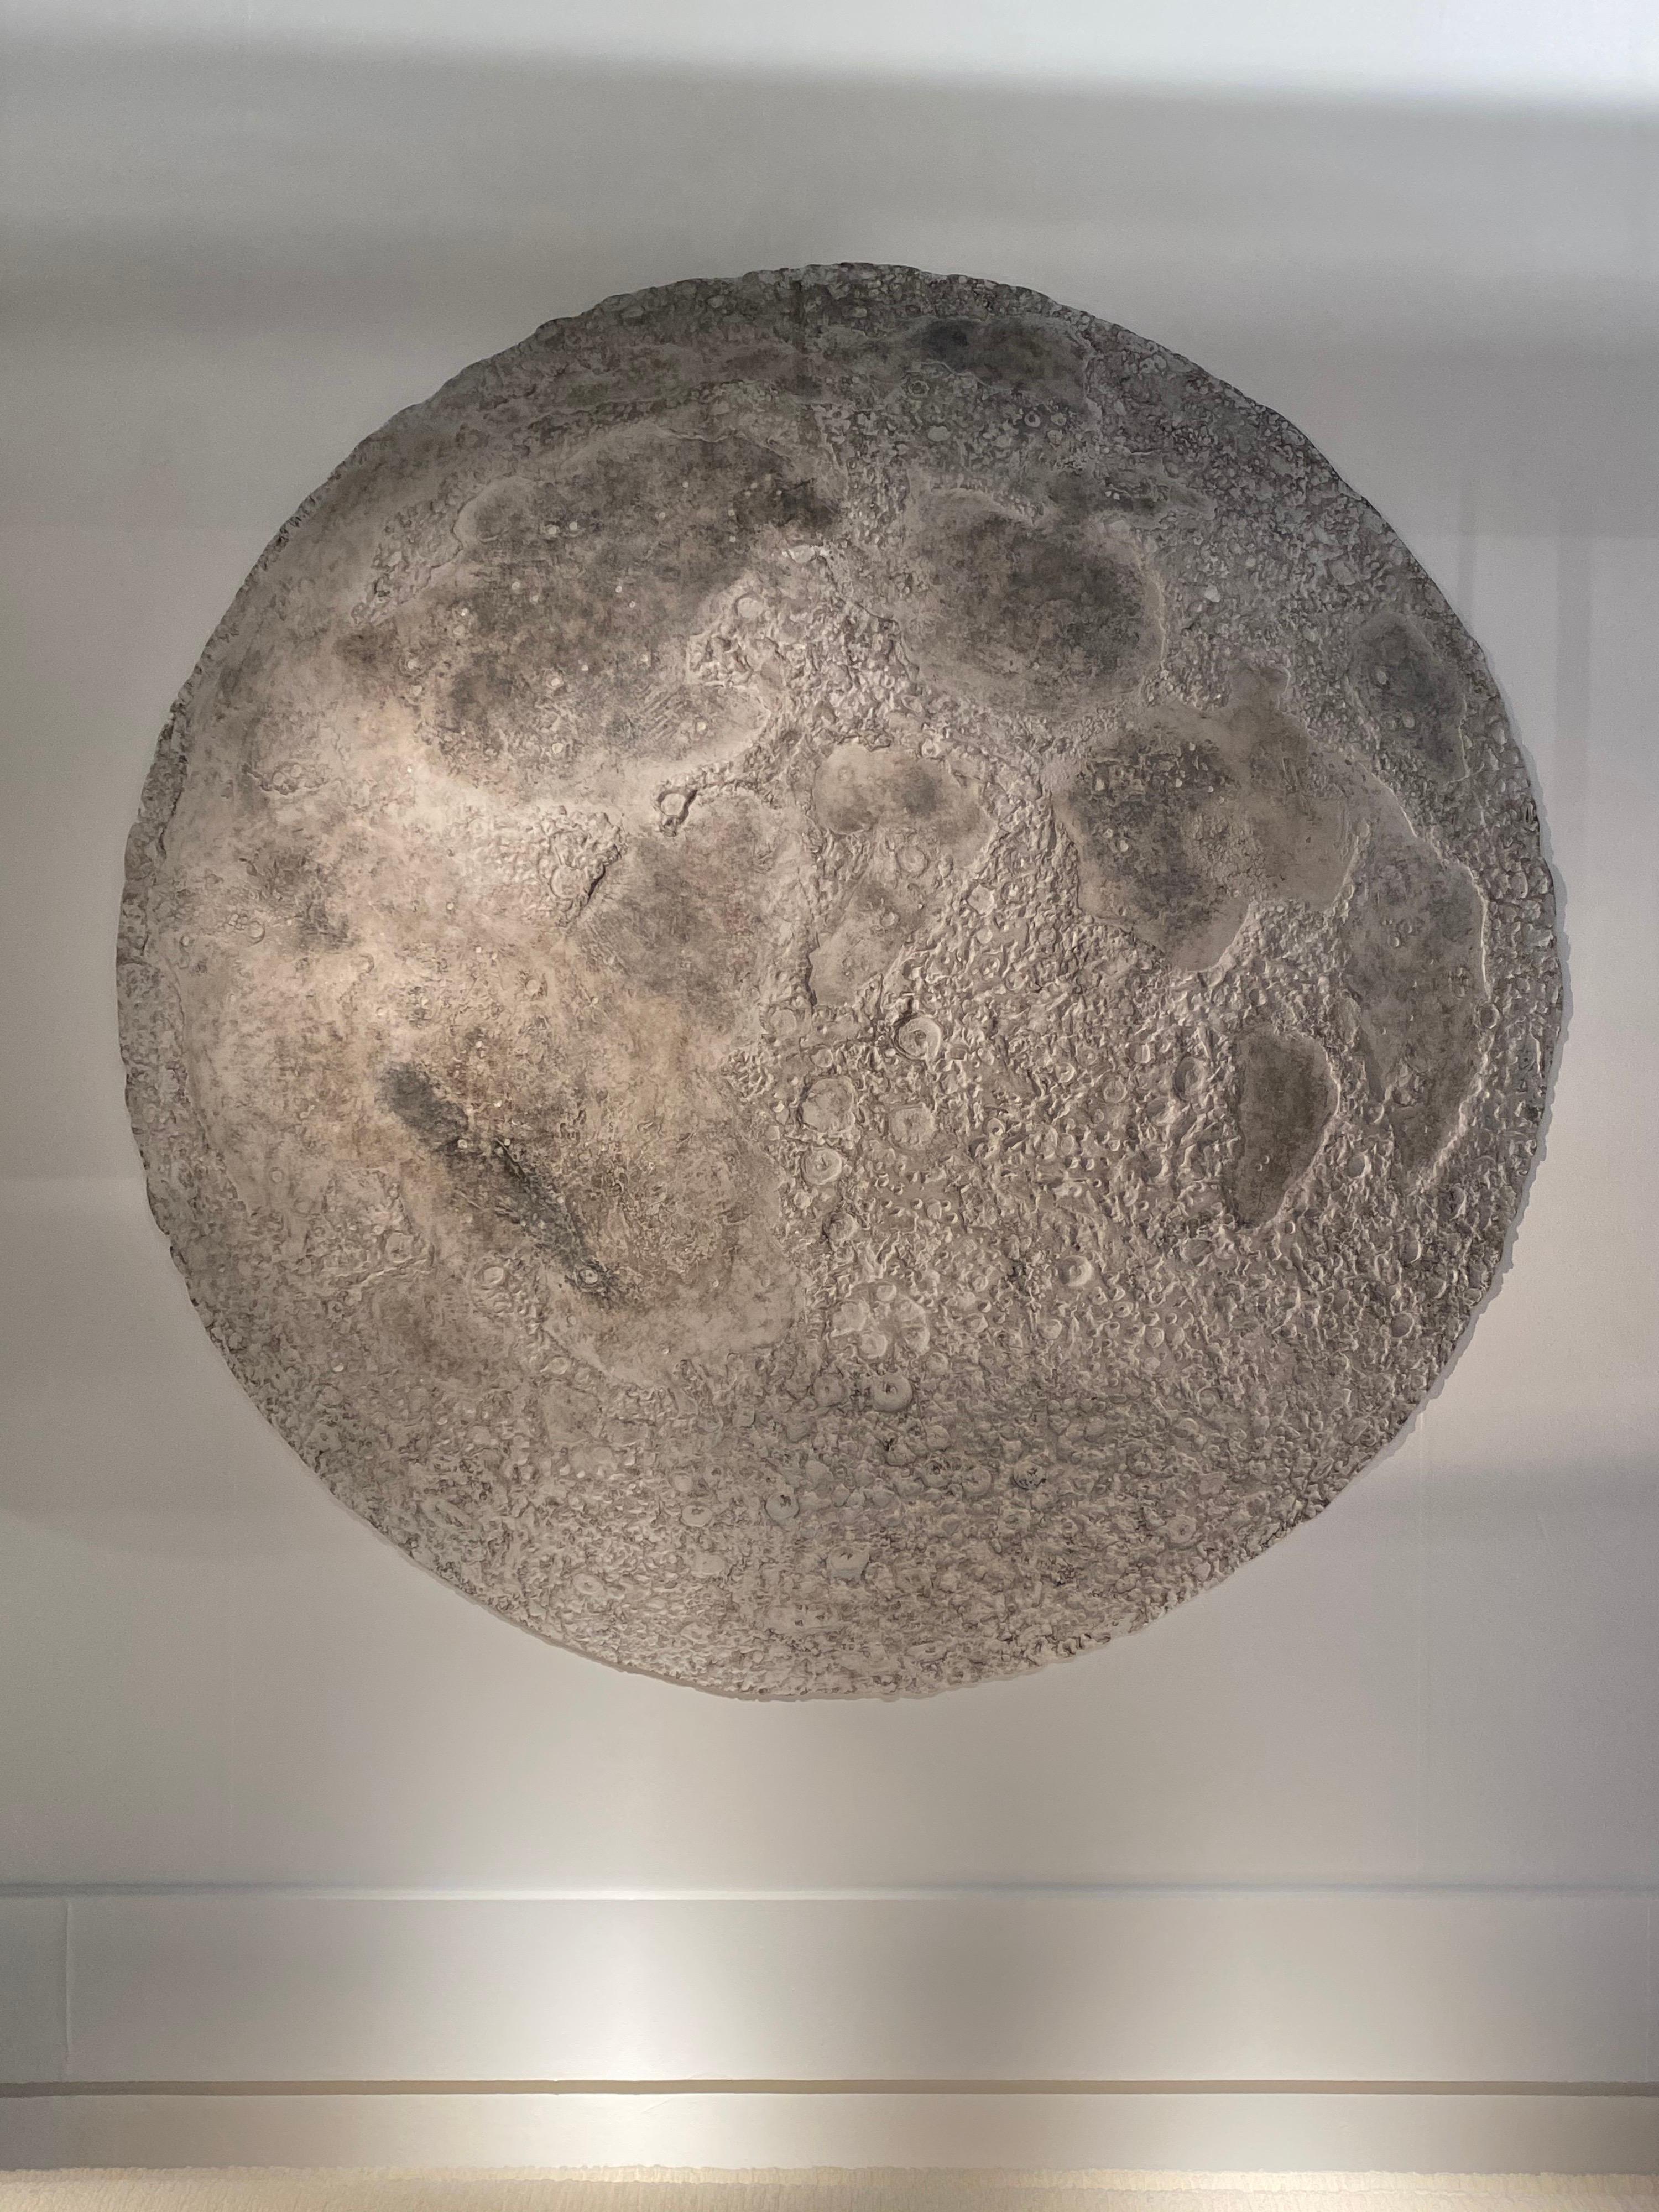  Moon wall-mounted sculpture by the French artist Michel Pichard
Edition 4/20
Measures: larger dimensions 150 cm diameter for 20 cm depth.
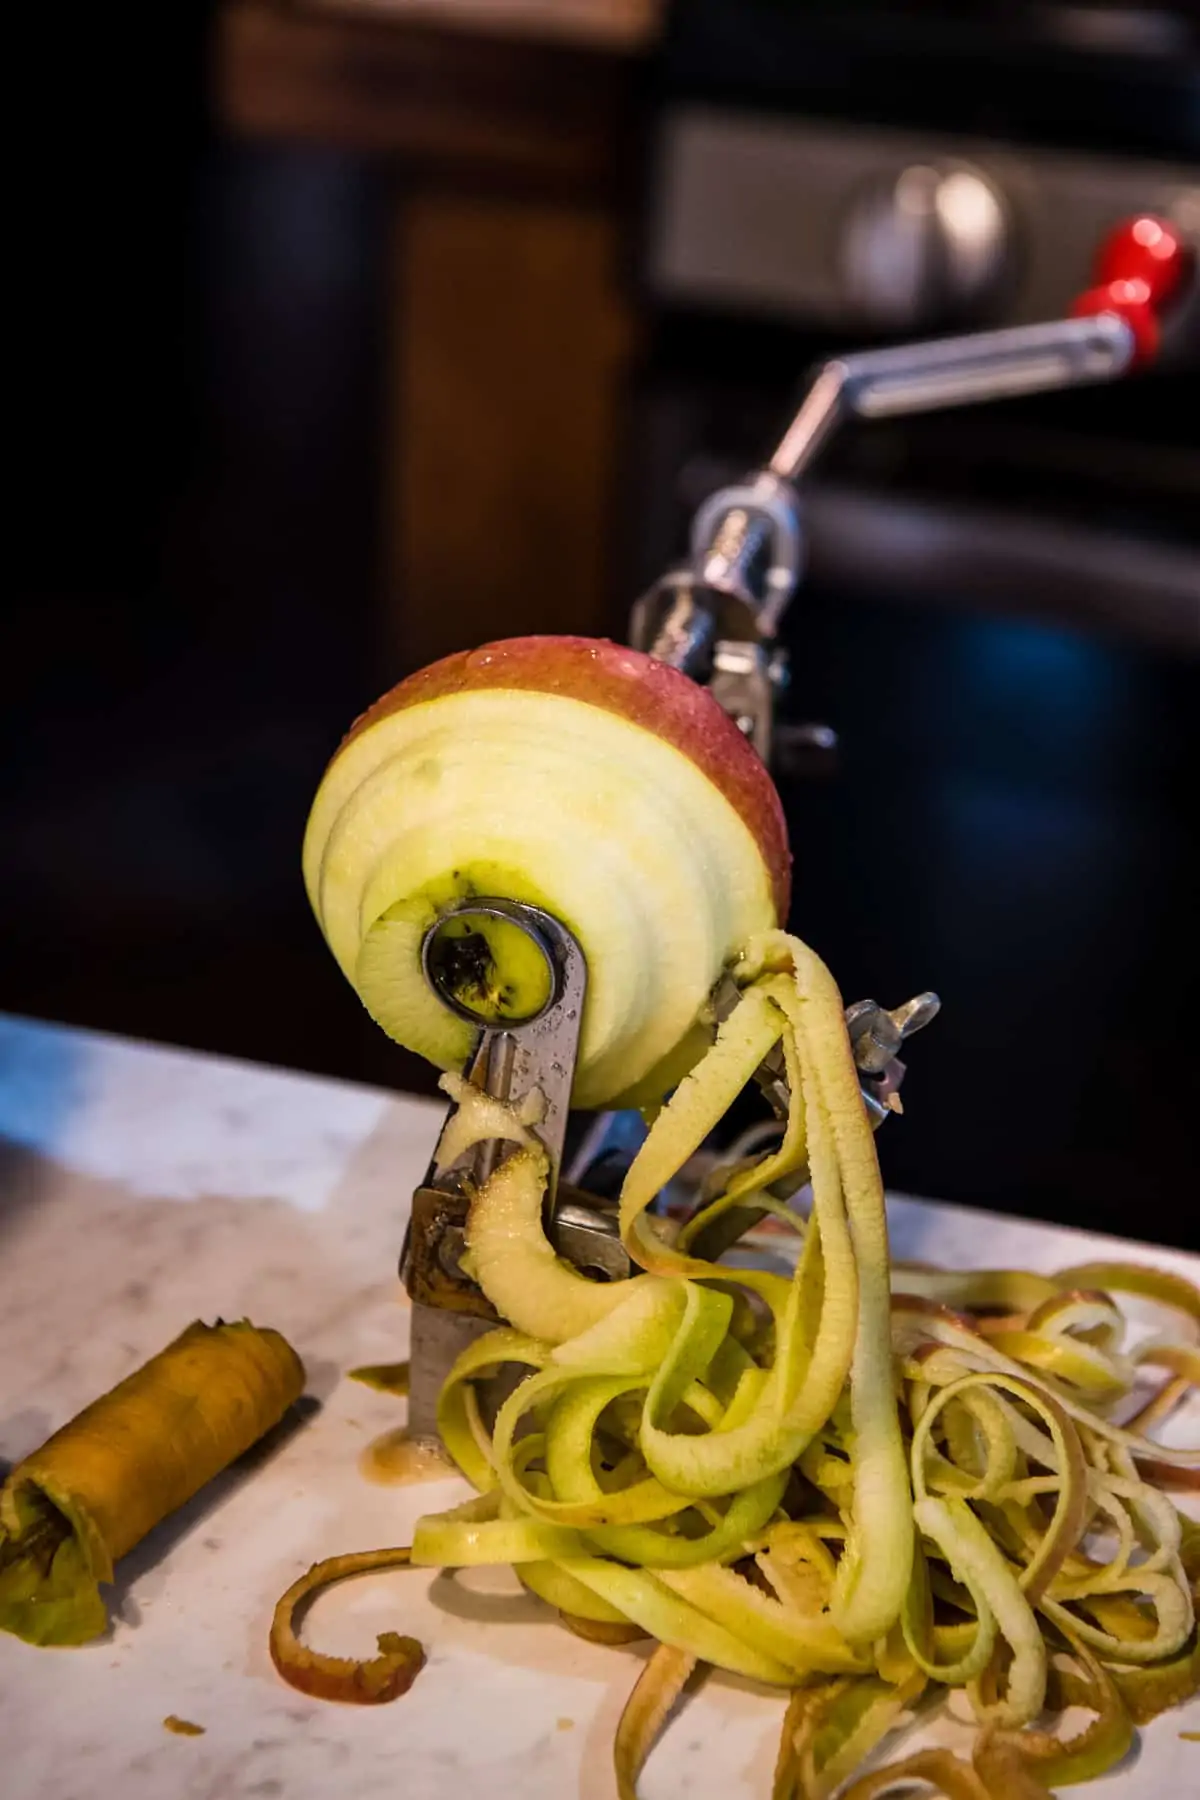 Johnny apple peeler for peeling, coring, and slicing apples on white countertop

+ + + + + + +

=== Description of the task ===
Write all the lines above out again exactly, minus the images.

=== Answer to the problem ===
  Moon wall-mounted sculpture by the French artist Michel Pichard
Edition 4/20
Measures: larger dimensions 150 cm diameter for 20 cm depth.
 Johnny apple peeler for peeling, coring, and slicing apples on white countertop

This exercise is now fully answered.